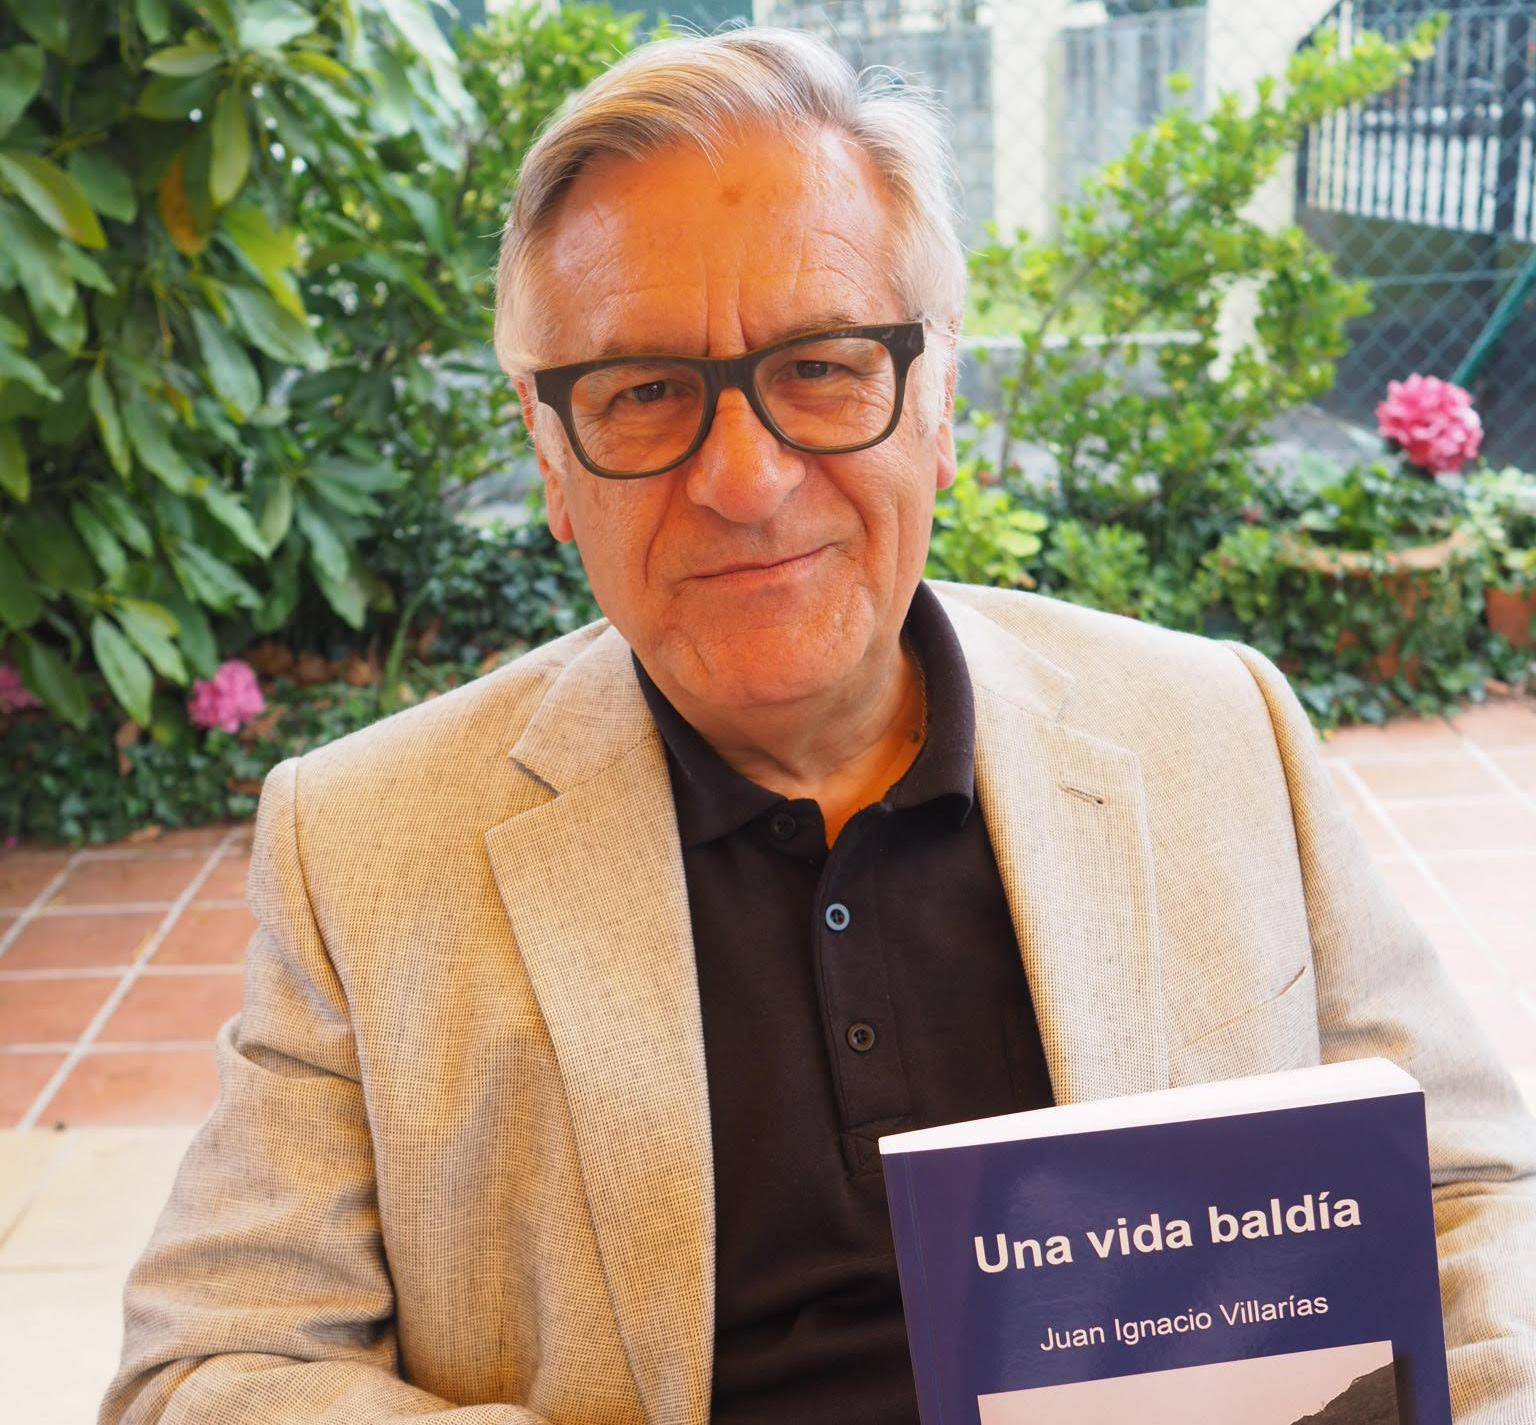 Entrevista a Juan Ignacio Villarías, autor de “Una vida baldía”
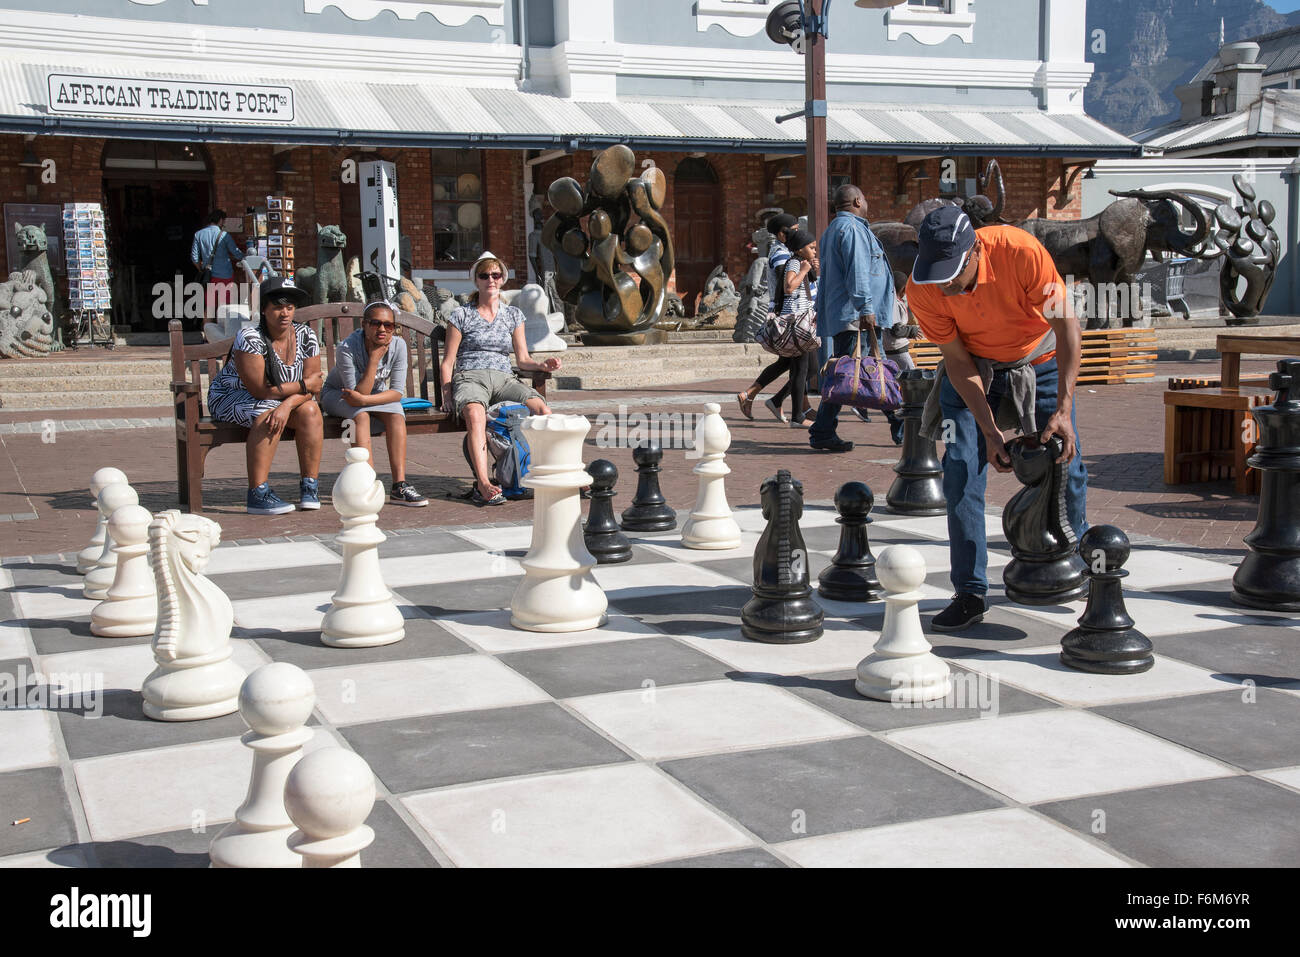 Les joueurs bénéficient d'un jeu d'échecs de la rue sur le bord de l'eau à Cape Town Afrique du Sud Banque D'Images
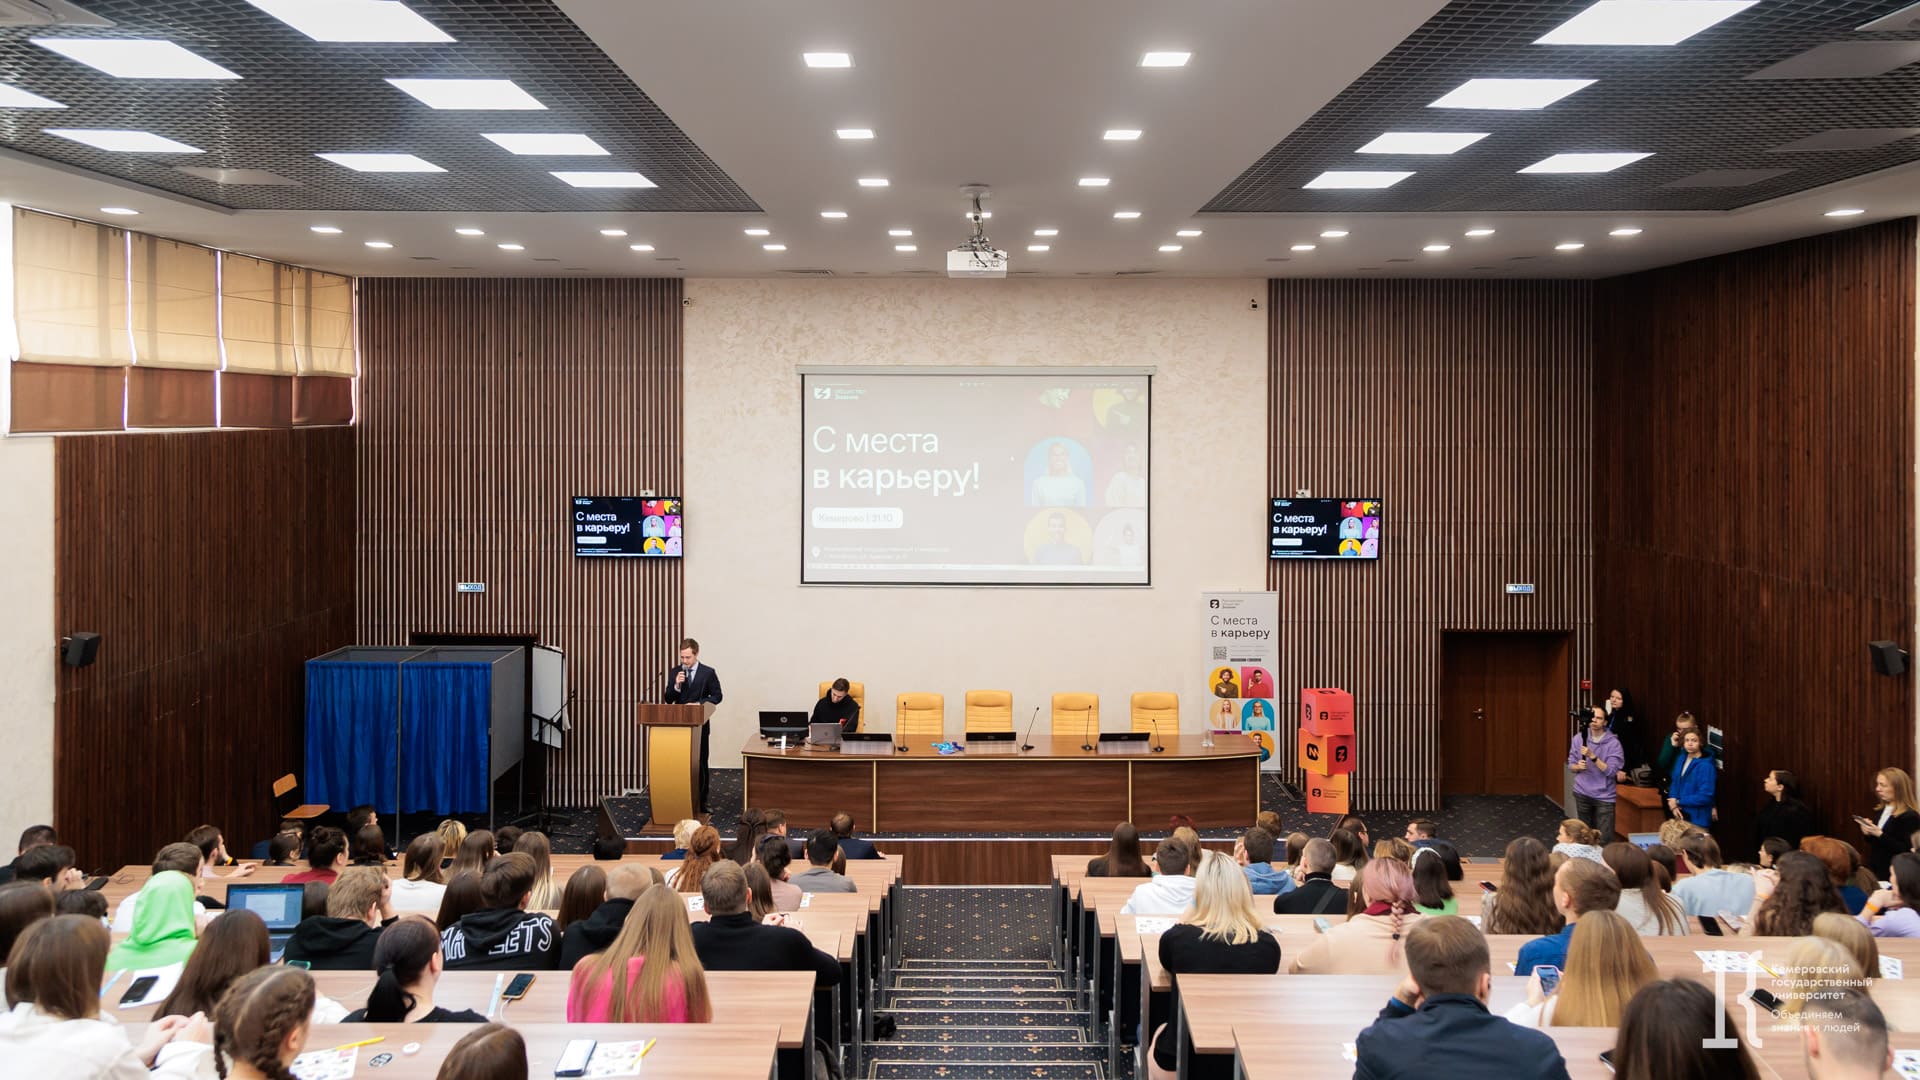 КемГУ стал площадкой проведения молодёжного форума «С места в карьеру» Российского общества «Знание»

**YOUR INSTRUCTIONS**: Starting at the line that contains "Les joueurs bénéficient" and ending at the final line of the data, reproduce each line exactly. Pictures stay out of the copy.

**RESPONSE TO THIS EXERCISE**:
 Les joueurs bénéficient d'un jeu d'échecs de la rue sur le bord de l'eau à Cape Town Afrique du Sud Banque D'Images
 КемГУ стал площадкой проведения молодёжного форума «С места в карьеру» Российского общества «Знание»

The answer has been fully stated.